Objective of our Shiny web app

In this tutorial, I will teach you to build a R Shiny web app to perform exploratory data analysis (EDA) on any tabular data.

This app will allow you to upload a dataset (CSV file) and analyze its numeric and categorical features or variables with visualizations.

I decided to build this app because I work on many data analysis projects where I have to perform EDA to understand the data at hand. So, I was looking for a custom app that would help me in doing some basic analysis quickly.

I have also built a similar app using Streamlit and Python. You can check that out later.

Layout of the R Shiny web app

This Shiny app will have a sidebar containing a widget to upload the dataset CSV file.

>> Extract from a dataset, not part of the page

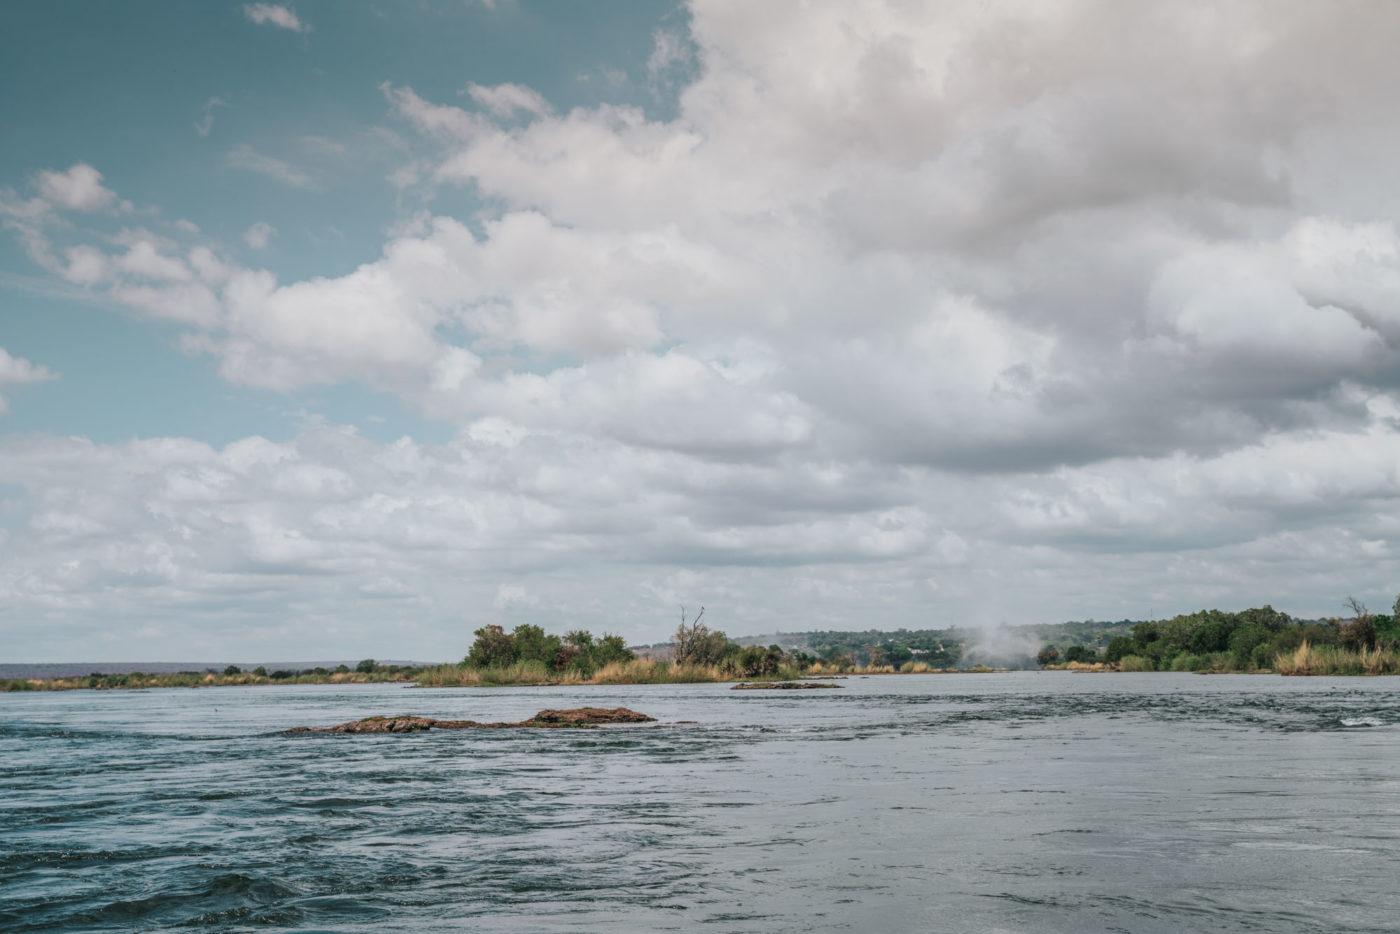 Zambezi River, Livingstone Island, Zambia

On the main panel of the app, there will be three tabs:

  • Data Info – Quick information about the dataset.
  • Numeric Features – Descriptive statistics and visualizations of numeric features/columns of the dataset.
  • Categorical Features – Descriptive statistics and visualizations of categorical features/columns of the dataset.
R web app

Download R Shiny code

If you can’t wait to run this Shiny app yourself, then download the entire R code from here and run it at your end.

Create a base layout for the R Shiny app

I will use the following R packages to build the web app:

  • shiny
  • readr
  • dplyr

Make sure these are installed in your system.

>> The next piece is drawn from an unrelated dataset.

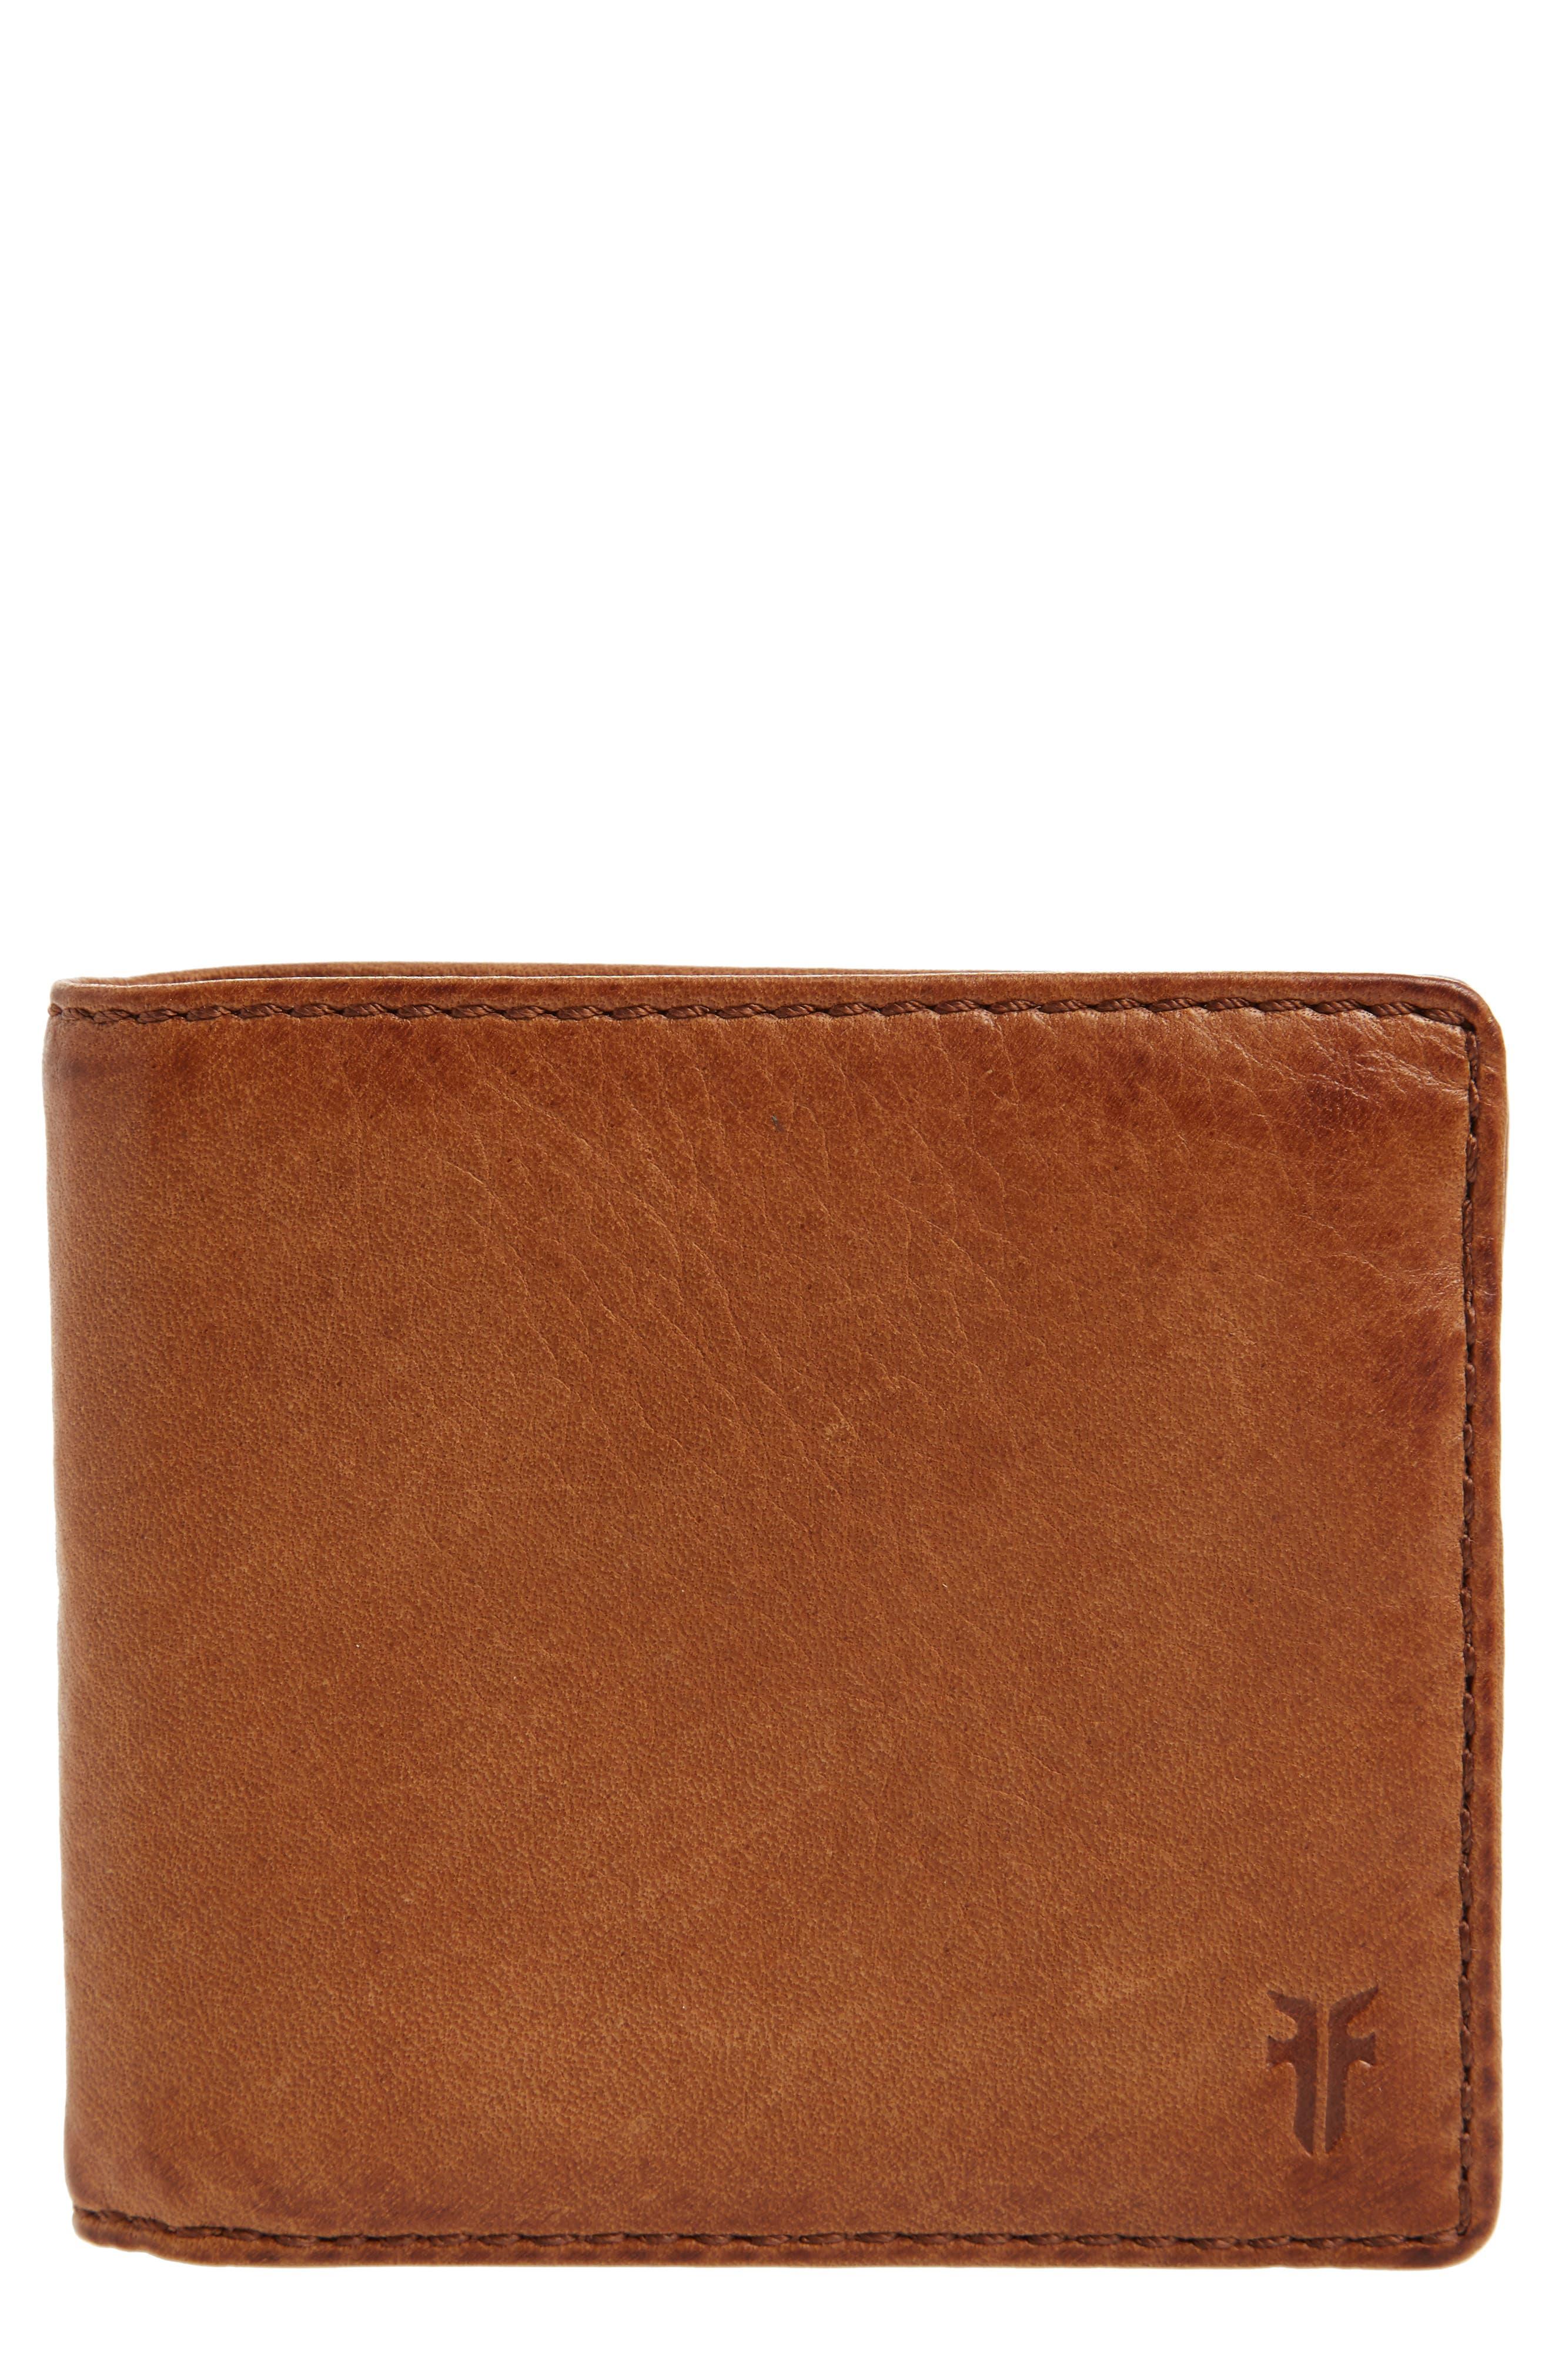 Main Image - Frye Oliver Leather Wallet

So, I will now create a script file in RStudio. Save the script as app.R and use the code below to create the base layout of the app.

library(shiny)
library(readr)
library(dplyr)
library(ggplot2)

# Define UI
ui <- fluidPage(
  titlePanel("EDA Web App"),
  sidebarLayout(
    sidebarPanel(
      fileInput("file1", "Choose CSV File",
                accept = c(
                  "text/csv",
                  "text/comma-separated-values,text/plain",
                  ".csv")
      )
    ),
    mainPanel(
      tabsetPanel(
        tabPanel("Data Info", verbatimTextOutput("dataInfo")),
        tabPanel("Numeric Features", verbatimTextOutput("numericFeatures")),
        tabPanel("Categorical Features", verbatimTextOutput("categoricalFeatures"))
      )
    )
  )
)

server = function(input, output) { }

# Run the application 
shinyApp(ui = ui, server = server)
shiny app for eda

As you can see, with the help of the R code above, I added a side panel, and inside it added a CSV file upload widget. Apart from that added three tabs on the main panel.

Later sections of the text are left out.